Aside from the resettlement sites in Leyte, Agusan del Sur and Oriental Mindoro, the INC has also put up housing and livelihood projects for indigenous peoples in Camarines Norte and South Cotabato.

Earlier this year, the INC put up housing projects for the B’laan tribes in South Cotabato, which was launched together eco-farming and onsite livelihood projects.

A similar project was put up for Kabihug families in Paracale, Camarines Norte. The INC community project includes 300 housing units to serve as permanent shelters for Kabihug families as well as livelihood facilities such as a 20-hectare calamansi orchard, an eco-farm, and a 300-square-meter fish-drying plant.

According to INC general auditor Glicerio B. Santos Jr., the INC’s Lingap sa Mamamayan initiative “is a year-round program of the INC Executive Minister Brother Eduardo V. Manalo that has been actively providing material and spiritual help to Iglesia and non-Iglesia members all over the country.”

“We envision an expansion of this initiative through the participation of our brethren from other socio-civic and religious groups so we can have a bigger impact on poverty reduction,” the INC official explained.

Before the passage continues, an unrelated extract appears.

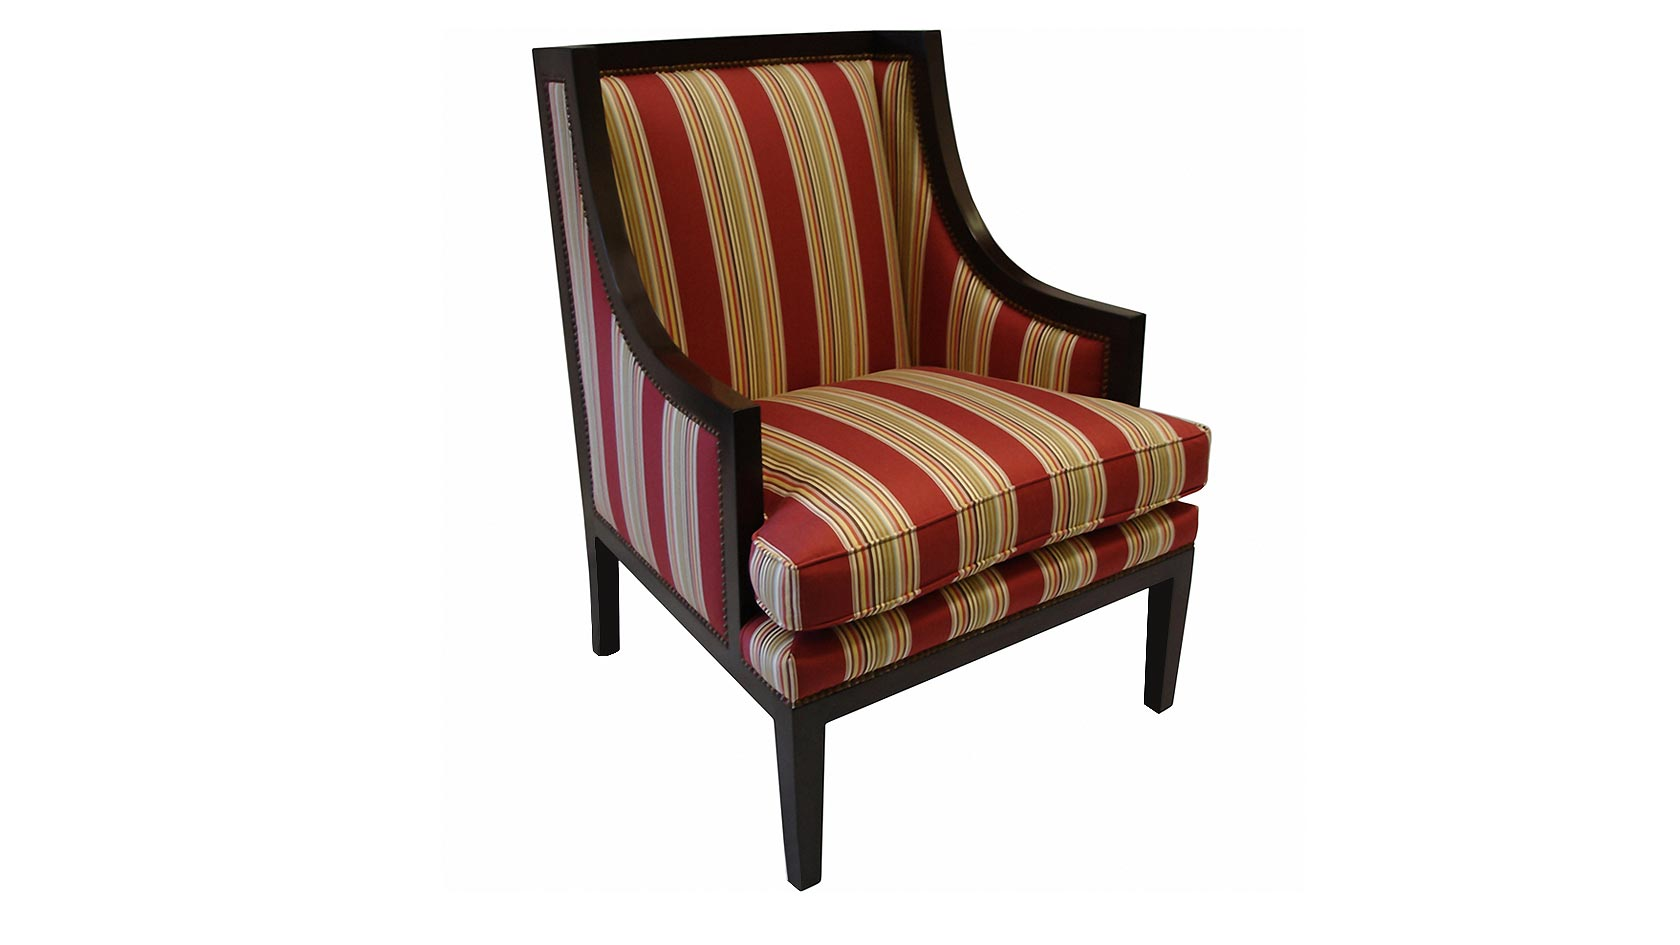 Fairbanks Lounge Chair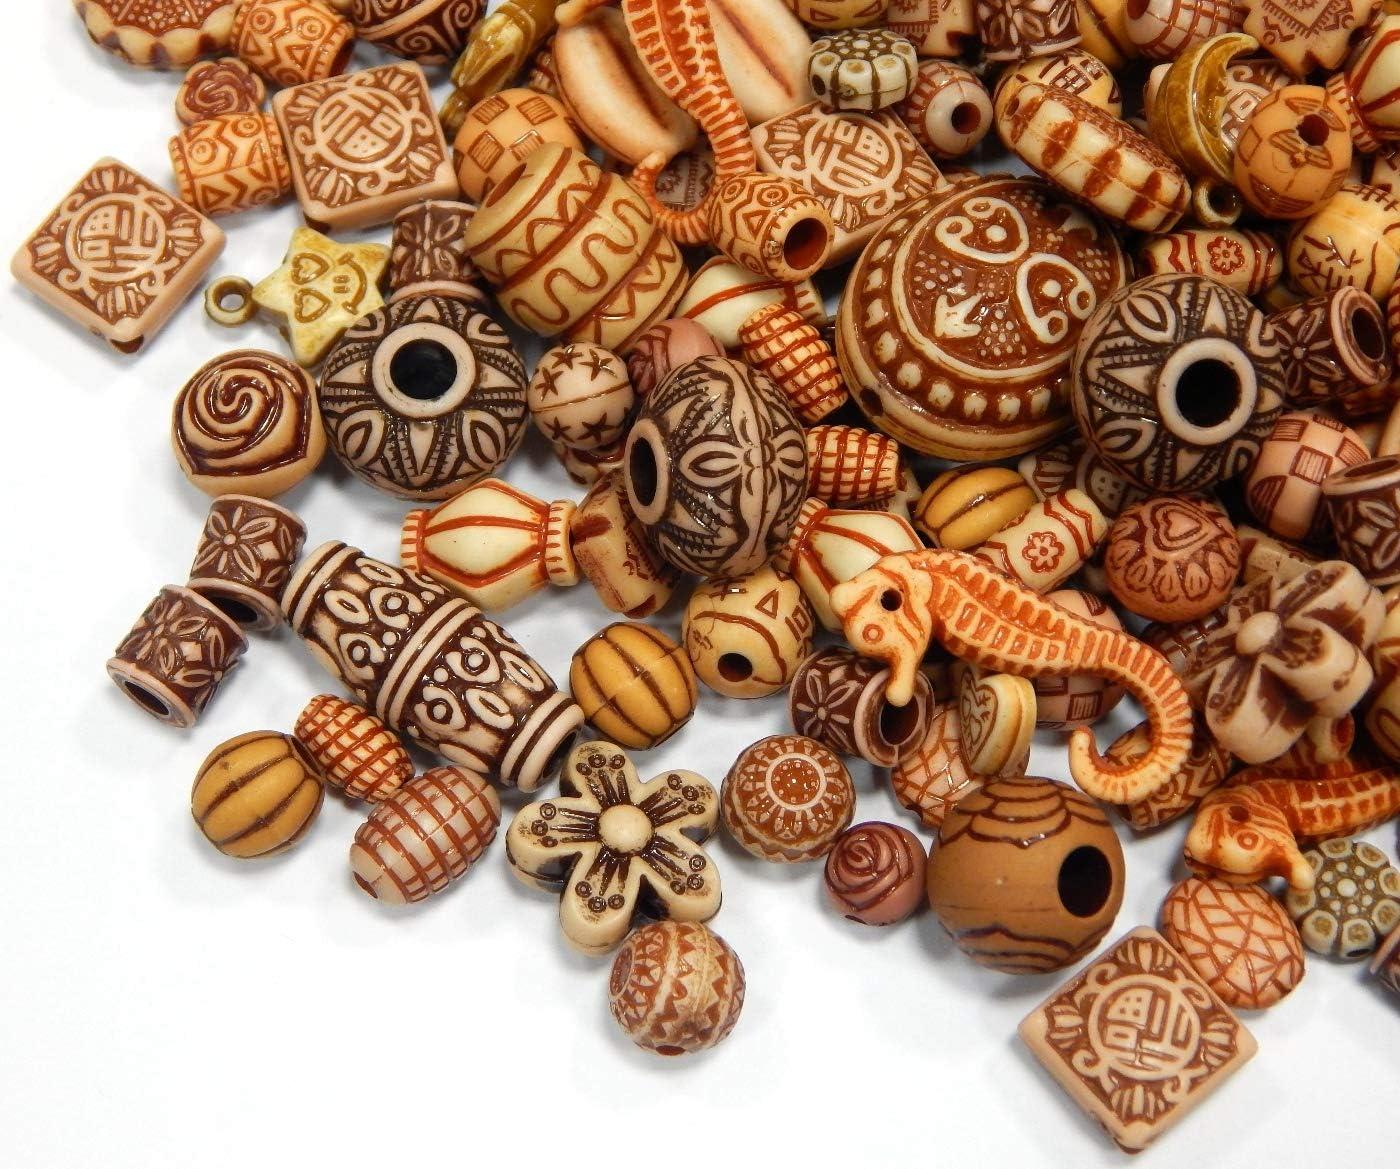 Juego de 50 g de Perlas de plástico de Tibet Antiguas, Perlas de plástico de Colores Variados, Perlas acrílicas para Collares, Pulseras, Collares, Juego de Manualidades D123

“The housing component of our outreach activities is part and parcel of our holistic approach to our outreach activities, which also include onsite livelihood programs so that our brothers and sisters in need will not only have roofs over their heads, but also the means to put food on their tables.”

Santos added that Brother Eduardo V. Manalo has directed the Church to step up its regular and continuing outreach programs to needy communities all over the country so that these can dovetail with Duterte’s call for the whole country to support government efforts to uplift the welfare of the people.